The output looks like this:

    s5 copied from s2: ABCD

    String s3 is 4 characters long.
    The 5th character is r

    s3:Liberty Associates, Inc.
     provides custom .NET development,
     on-site Training and Consulting
    Ends with Training?: False

    Ends with Consulting?: True

    The first occurrence of Training
    in s3 is 73

    s10: Liberty Associates, Inc.
     provides custom .NET development,
     on-site excellent Training and Consulting

    s11: Liberty Associates, Inc.
     provides custom .NET development,
     on-site excellent Training and Consulting

The Length property returns the length of the entire string, and the index operator ([]) is used to access a particular character within a string:

    Console.WriteLine(
     "\nString s3 is {0} characters long. ",
     s5.Length);

    Console.WriteLine(
     "The 5th character is {0}\n", s3[4]);

Here’s the output:

    String s3 is 4 characters long.
    The 5th character is r

The EndsWith( ) method asks a string whether a substring is found at the end of the string. Thus, you might first ask if s3 ends with “Training” (which it does not), and then if it ends with “Consulting” (which it does):

    Console.WriteLine("s3:{0}\nEnds with Training?: {1}\n",
     s3,
     s3.EndsWith("Training") );
    Console.WriteLine(
     "Ends with Consulting?: {0}",
     s3.EndsWith("Consulting"));

The output reflects that the first test fails and the second succeeds:

    Ends with Training?: False
    Ends with Consulting?: True

The IndexOf( ) method locates a substring within a string, and the Insert( ) method inserts a new substring into a copy of the original string. The following code locates the first occurrence of “Training” in s3:

    Console.WriteLine("\nThe first occurrence of Training ");
    Console.WriteLine ("in s3 is {0}\n",
     s3.IndexOf("Training"));

The output indicates that the offset is 73:

    The first occurrence of Training
    in s3 is 73

Then use that value to insert the word “excellent,” followed by a space, into that string. Actually the insertion is into a copy of the string returned by the Insert( ) method and assigned to s10:

    string s10 = s3.Insert(73,"excellent ");
    Console.WriteLine("s10: {0}\n",s10);

Here’s the output:

    s10: Liberty Associates, Inc.
     provides custom .NET development,
     on-site excellent Training and Consulting

Finally, you can combine these operations to make a more efficient insertion statement:

    string s11 = s3.Insert(s3.IndexOf("Training"),"excellent ");
    Console.WriteLine("s11: {0}\n",s11);

with the identical result:

    s11: Liberty Associates, Inc.
     provides custom .NET development,
     on-site excellent Training and Consulting

Finding Substrings

The String class has methods for finding and extracting substrings . For example, the IndexOf( ) method returns the index of the first occurrence of a string (or of any character in an array of characters) within a target string. For example, given the definition of the string s1 as:

    string s1 = "One Two Three Four";

you can find the first instance of the characters “hre” by writing:

    int index = s1.IndexOf("hre");

This code sets the int variable index to 9, which is the offset of the letters “hre” in the string s1.

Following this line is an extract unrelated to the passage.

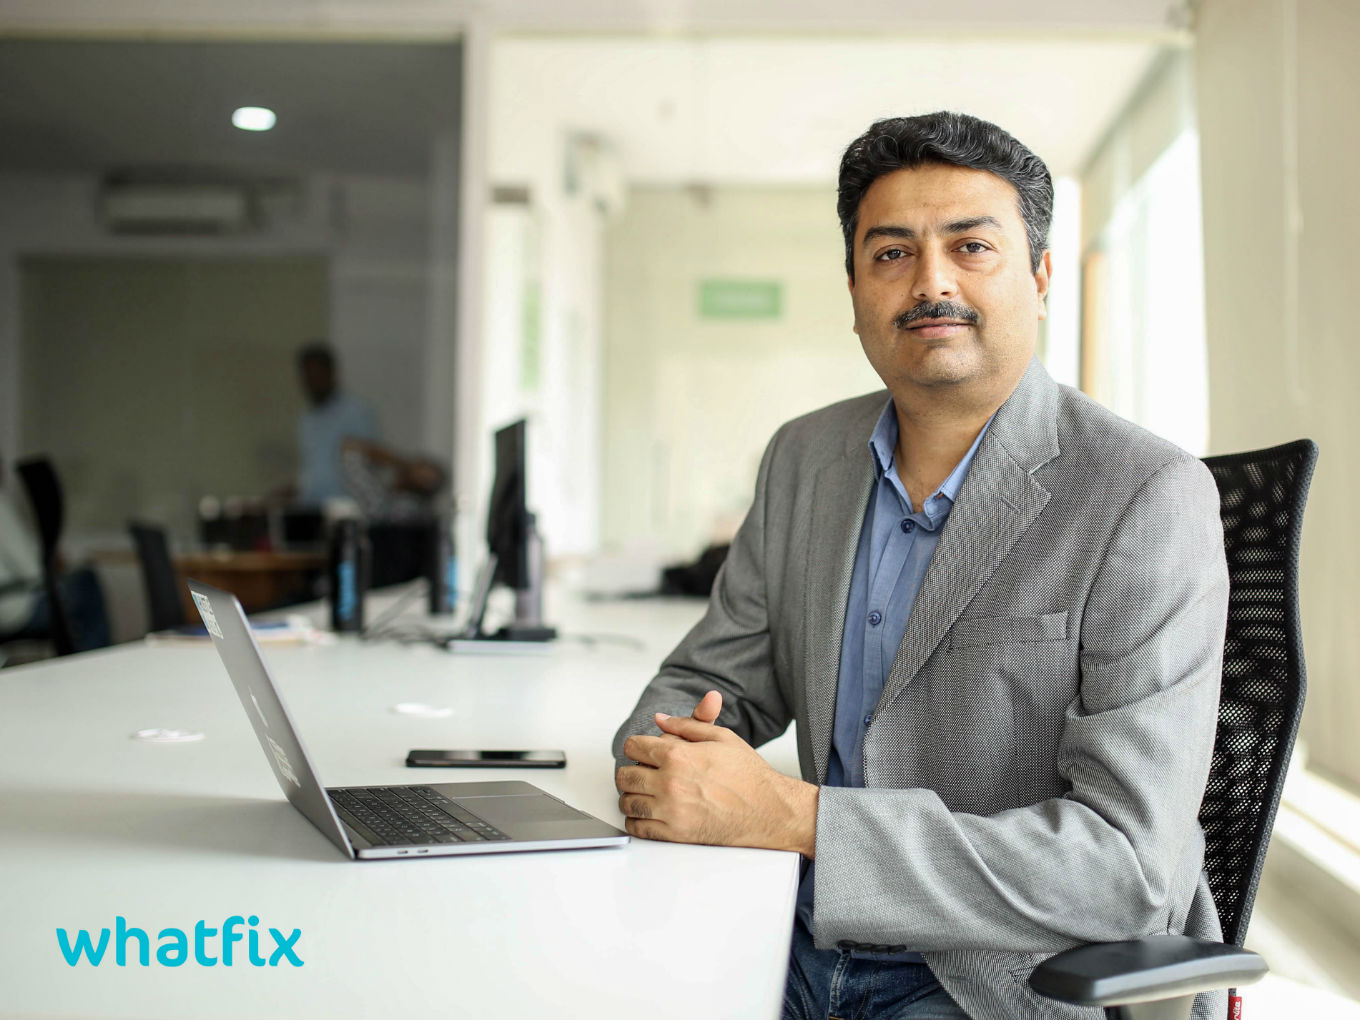 Whatfix Raises $13.2 Mn To Finance Headcount, Tech Expansion

Similarly, the LastIndexOf( ) method returns the index of the last occurrence of a string or substring. While the following code:

    s1.IndexOf("o");

returns the value 6 (the first occurrence of the lowercase letter “o” is at the end of the word “Two”), the method call:

    s1.LastIndexOf("o");

returns the value 15 (the last occurrence of “o” is in the word “Four”).

The Substring( ) method returns a series of characters. You can ask it for all the characters starting at a particular offset and ending either with the end of the string or with an offset you (optionally) provide. Example 15-6 illustrates the Substring( ) method.

Example 15-6. Finding substrings by index

using System;

namespace StringSearch
{
   class Tester
   {
      public void Run(  )
      {
         // create some strings to work with
         string s1 = "One Two Three Four";

         int index;

         // get the index of the last space
         index = s1.LastIndexOf( " " );

         // get the last word.
         string s2 = s1.Substring( index + 1 );

         // set s1 to the substring starting at 0
         // and ending at index (the start of the last word)
         // thus s1 has "one two three"
         s1 = s1.Substring( 0, index );

         // find the last space in s1 (after two)
         index = s1.LastIndexOf( " " );

         // set s3 to the substring starting at
         // index, the space after "two" plus one more
         // thus s3 = "three"
         string s3 = s1.Substring( index + 1 );
         // reset s1 to the substring starting at 0
         // and ending at index, thus the string "one two"
         s1 = s1.Substring( 0, index );

         // reset index to the space between
         // "one" and "two"
         index = s1.LastIndexOf( " " );

         // set s4 to the substring starting one
         // space after index, thus the substring "two"
         string s4 = s1.Substring( index + 1 );

         // reset s1 to the substring starting at 0
         // and ending at index, thus "one"
         s1 = s1.Substring( 0, index );

         // set index to the last space, but there is
         // none so index now = -1
         index = s1.LastIndexOf( " " );

         // set s5 to the substring at one past
         // the last space. there was no last space
         // so this sets s5 to the substring starting
         // at zero
         string s5 = s1.Substring( index + 1 );

         Console.WriteLine( "s2: {0}\ns3: {1}", s2, s3 );
         Console.WriteLine( "s4: {0}\ns5: {1}\n", s4, s5 );
         Console.WriteLine( "s1: {0}\n", s1 );
      }

      static void Main(  )
      {
         Tester t = new Tester(  );
         t.Run(  );
      }
   }
}

The output looks like this:

    s2: Four
    s3: Three
    s4: Two
    s5: One

    s1: One

Example 15-6 is not the most elegant solution possible to the problem of extracting words from a string, but it is a good first approximation, and it illustrates a useful technique. The example begins by creating a string, s1:

    string s1 = "One Two Three Four";

The local variable index is assigned the value of the last literal space in the string (which comes before the word “Four”):

    index=s1.LastIndexOf(" ");

The substring that begins one position later is assigned to the new string, s2:

    string s2 = s1.Substring(index+1);

This extracts the characters from index +1 to the end of the line (the string “Four”) and assigns the value “Four” to s2.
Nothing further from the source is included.